In this appeal from a judgment granting an entire wheat crop to the landlords instead of the farmer who planted and harvested it, the district court was asked to interpret a cash lease. When it made its judgment, the court failed to enforce a provision of the lease permitting the renter peaceable possession of the ground where crops were growing in the year of the lease's termination, including the harvest of the crop. By ruling as it did, the court rewrote the contract by eliminating that provision, which it cannot legally do. We reverse that judgment and hold the farmer is entitled to keep his crop. But, we see no error in the district court's implicit finding that there was no oral extension of this lease. Therefore, we deny any relief to the appellants on that point.
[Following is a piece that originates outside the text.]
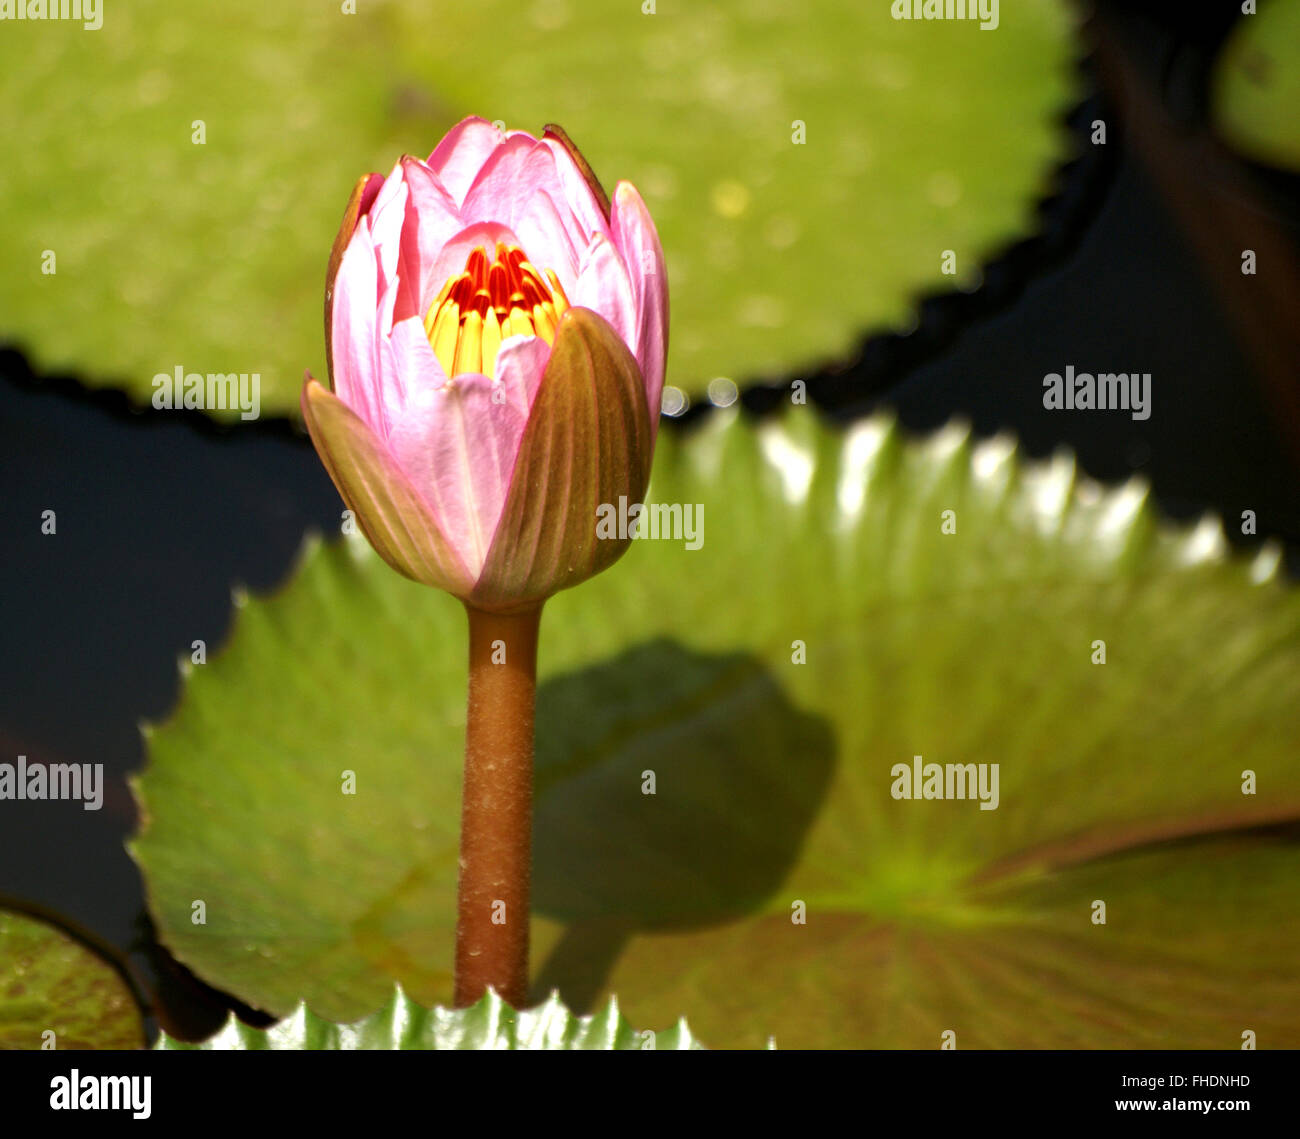 Nymphaea pubescens, peludo, lirio de agua lirio de agua rosada, acuática rhizomatous planta con hojas finamente dentadas redondeadas, flor rosa Foto de stock

This matter was submitted to the court on stipulated facts.
Grant Webber and his wife Rhesa Webber signed a farm lease on some irrigated and dry crop ground in Haskell County. Leland Meairs signed the lease for the landowners, himself, his wife Wanda Meairs, and a trust which owned part of the land. The Webbers paid $70 per acre annually as cash rent. One-half was due after wheat harvest or by July 15, and the second half was due on or before December 15 of each year during the term of the lease. The lease started on May 2, 2006, and was to expire on December 31, 2011.
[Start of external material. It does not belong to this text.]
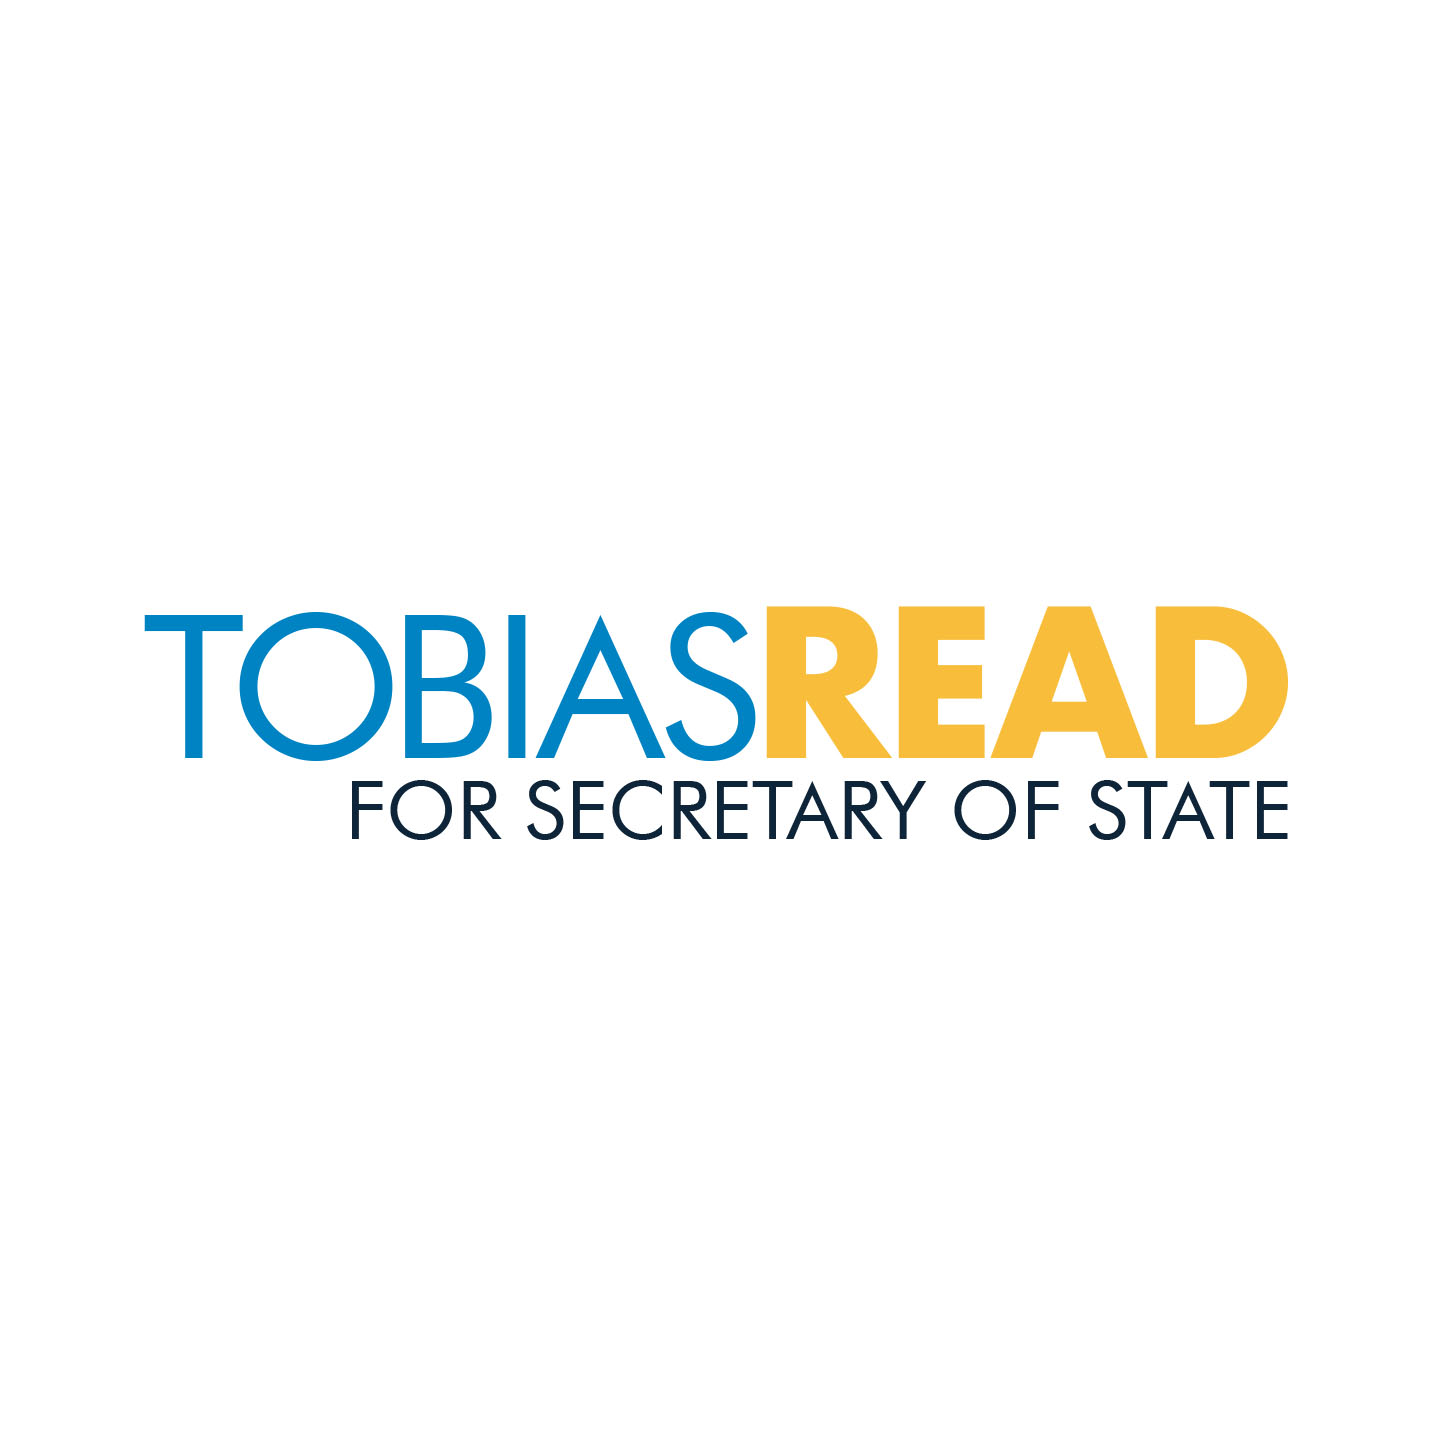 Tobias Read for Secretary Of State

About 2 years later, in 2008, Grant Webber made a 5–year contract with Pioneer Electric Cooperative, Inc. to extend electricity in order to power the irrigation well on the ground. Thereafter, Webber made monthly payments to the cooperative for the electric line extension.
Leland Meairs died in 2010. Webber had worked only with Leland on issues regarding the leased land. After Leland's death, Webber approached his widow, Wanda Meairs, about participating in a federal conservation stewardship program. A month after Leland's death, Wanda and Grant cooperatively entered into a conservation stewardship program with the United States Department of Agriculture. Webber received government payments for stewardship practices he had employed on the ground.
Wanda gave written notice that she wanted to end the cash lease to the Webbers via certified mail in March 2011. She wanted to terminate the cash lease agreement on December 31, 2011. Included in the notice was the following:
“It is acknowledged and understood by the landlords, that no fall-seeded crop has been planted as of this date on the above described real estate as of the date of this notice. If so, this notice shall serve as owners' demand that you not plant any fall-seeded crop on the above described real estate after the date of this notice.”
The Webbers received the notice and responded by sending a “Notice of Declared Farm Tenancy” to Wanda in September 2011. Wanda sent a second termination notice to the Webbers along with a letter from her counsel explaining the Webbers' notice “was of no legal consequence.” The Webbers planted a wheat crop anyway in September 2011 and harvested this crop in June 2012.
Wanda filed suit asking the court to: (1) find the lease terminated on December 31, 2011; (2) evict the Webbers from the premises effective December 31, 2011; and (3) find the crops growing on the premises after December 31, 2011, belonged solely to Wanda and Mitchell Watson, as trustee.
The Webbers counterclaimed, alleging: (1) Wanda and Watson breached the contract by attempting to terminate the lease early; (2) Wanda and Watson breached the August 2008 oral contract between Leland and Grant; (3) the Webbers were entitled to the proceeds from the fall crop; and (4) the Webbers suffered damages in excess of $25,000.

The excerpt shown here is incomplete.